Casualties and losses
- 23 killed: U.S. body count: 348 killed

= New Year's Day battle of 1968 =

Battle of the Vietnam War

The New Year's Day battle of 1968 was a military engagement during the Vietnam War in Tây Ninh province that began on the evening of 1 January 1968. It involved units assigned to the U.S. 25th Infantry Division and two regiments of the People's Army of Vietnam (PAVN). The battle was known as the Battle of Fire Support Base Burt (Battle of FSB Burt), or the Battle of Suoi Cut. This is not the same location as Suối Cắt village in northern Vietnam.

==Background==
In late 1967, Pope Paul VI had declared 1 January 1968 a day of peace and persuaded the South Vietnamese and the Americans to observe a truce. In a released statement, the Viet Cong (VC) also agreed to observe a 36-hour ceasefire. The 25th Infantry Division had been patrolling the Vietnamese-Cambodian border in Operation Yellowstone to interdict PAVN/VC coming down the Ho Chi Minh trail. The 25th Infantry Division had set up a two-battalion perimeter, the 2nd and 3rd Battalions of the 22nd Infantry Regiment, with artillery 7 mi from the Cambodian border in Tay Ninh Province outside a village called Suoi Cut. The fire support position, named Fire Support Base Burt, was located near the junction of Highways 244 and 246, close to Black Virgin Mountain. Troops had that day recently set up a landing zone (LZ) for supply helicopters. Once the helicopter pad had been constructed, supplies could be flown in, and on 1 January the 25th Infantry Division's Christmas mail had arrived. Soldiers spent the day opening packages from their families.

==Battle==

On the night of 1 January, six hours before the truce was to have ended, a 2,500-man force made up of elements of the 271st and 272nd Regiments of the VC 9th Division attacked the American position. The PAVN/VC attacked in three waves and were able to infiltrate the perimeter.

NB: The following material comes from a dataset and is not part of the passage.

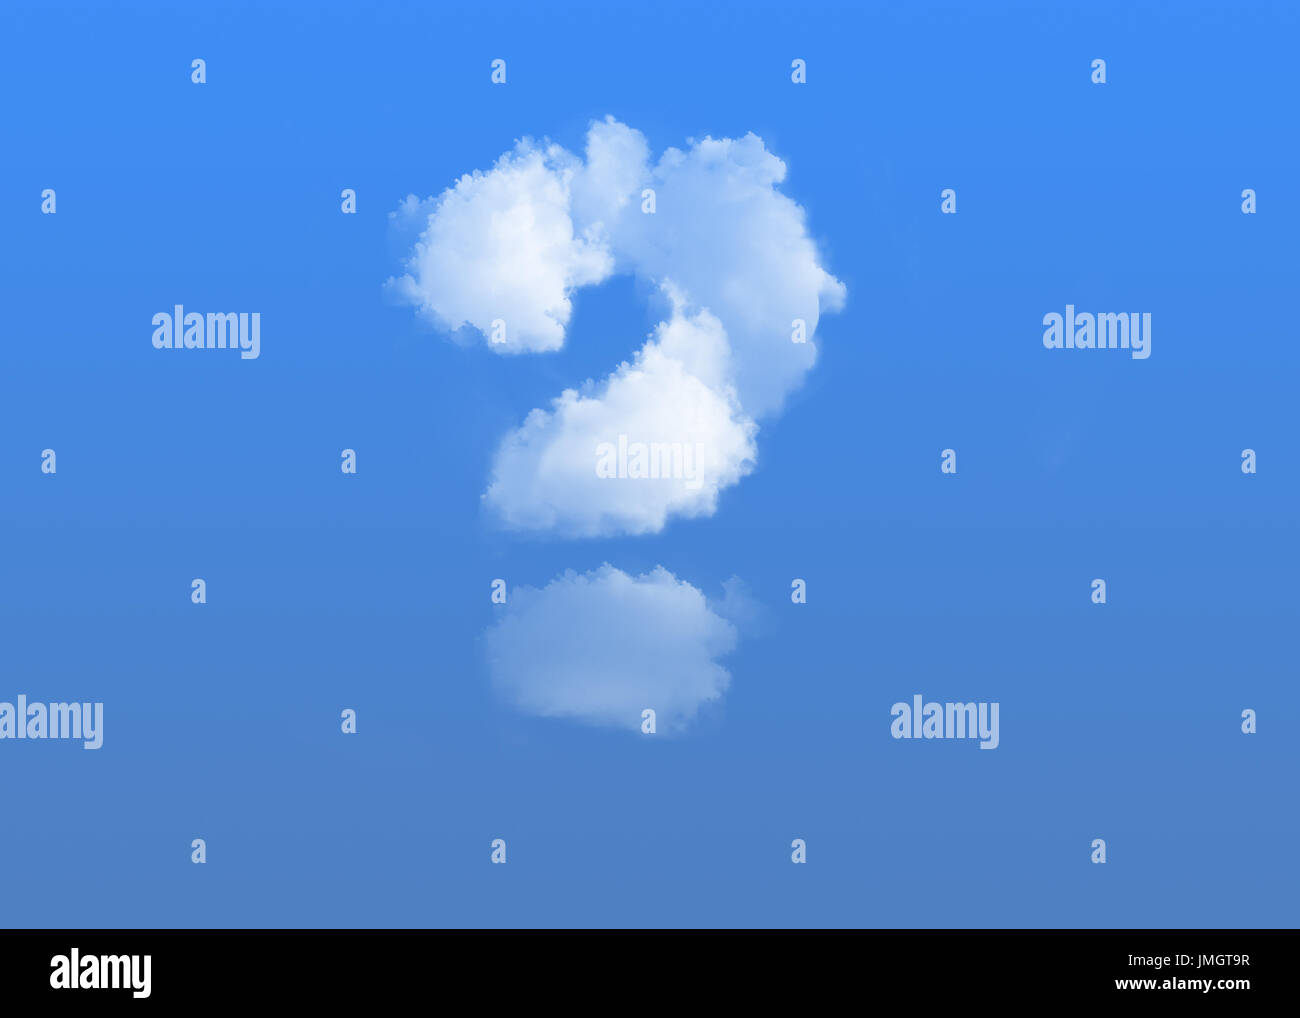 Signo de interrogación hecha de nubes sobre fondo azul. Foto de stock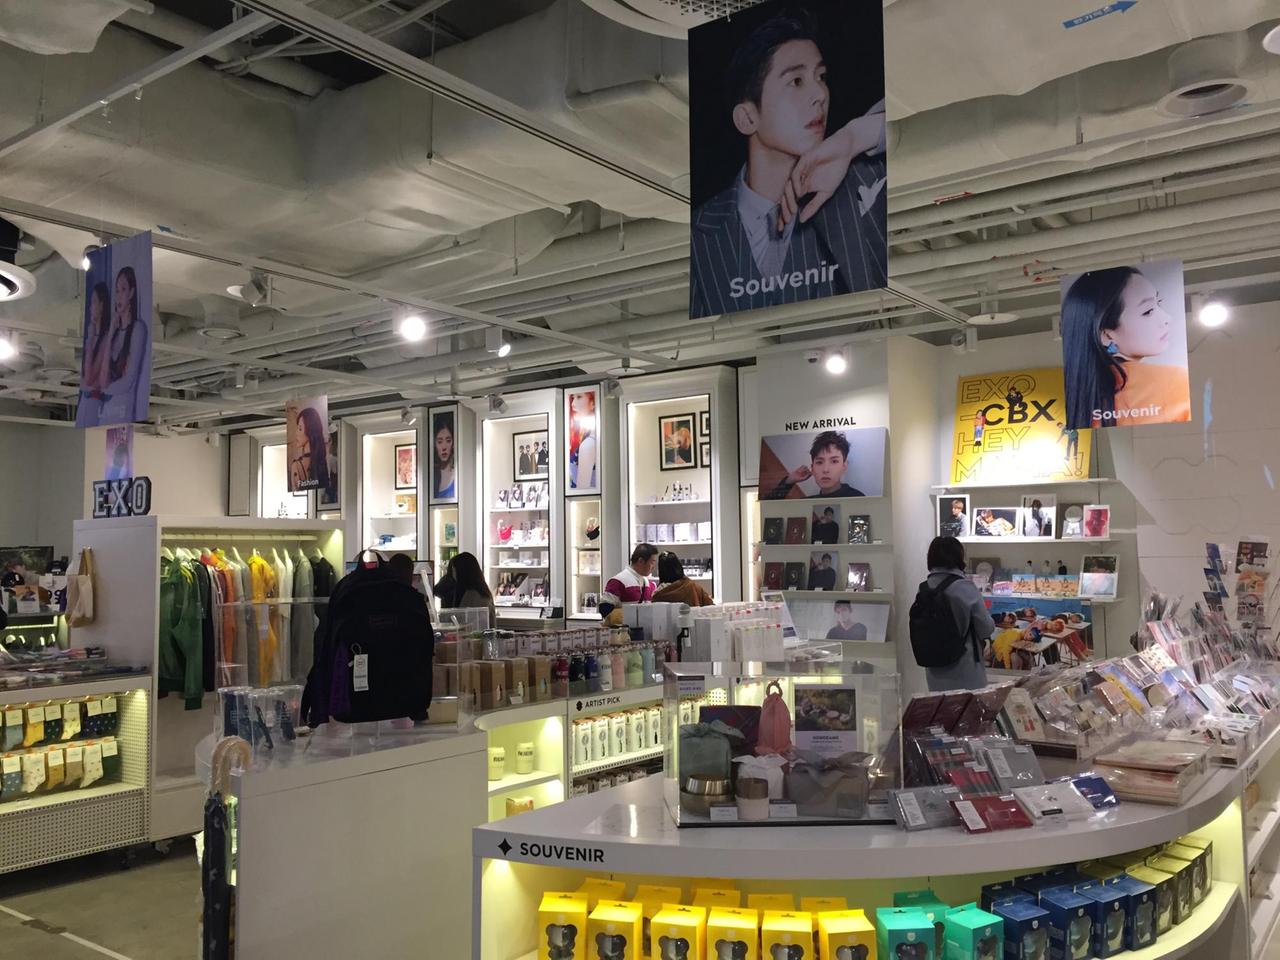 SM, eines der größten Entertainment-Unternehmen Südkoreas, bietet auf mehreren Etagen sämtliche Fanartikel - von CDs über Kleidung, Poster Bücher und vieles mehr

The first wave was launched after a heavy mortar attack at 23:30. A little after midnight, another attack was launched and a third human wave attack around 01:00. The Americans were finally able to repel the attacks by using air and artillery support. Air support was provided by attack helicopters and AC-47 Spooky gunships. In total, 28 air sorties were launched against the PAVN. The Americans said that they counted 348 enemy soldiers killed in the action. By comparison, American forces suffered 23 killed. Last contact with enemy units occurred at 05:15 when they withdrew from the battleground. The remnants of the PAVN/VC were pursued to the south and southeast.

==Aftermath==
Thirty days later, on 31 January 1968, PAVN and VC forces launched the Tet Offensive throughout South Vietnam. When Oliver Stone returned to the U.S., he was puzzled that the New Year's attack had received no media coverage. For some time, he thought he might have imagined the events of January 1 until, at a reunion of the men of the 25th Infantry Division, other Vietnam vets who were there that night were able to confirm the battle did indeed take place.

==In popular media==
Among the soldiers serving in the American units during the battle were future writer Larry Heinemann and future film director Oliver Stone. Heinemann later wrote a book about his Vietnam experiences titled Black Virgin Mountain: A Return to Vietnam, and Stone would direct the dramatization of the battle in the 1986 film Platoon. The final battle scene of Platoon is a dramatization of the real battle Stone experienced. Survivors of the battle often relate how close to actual events the fighting was to what is seen on screen.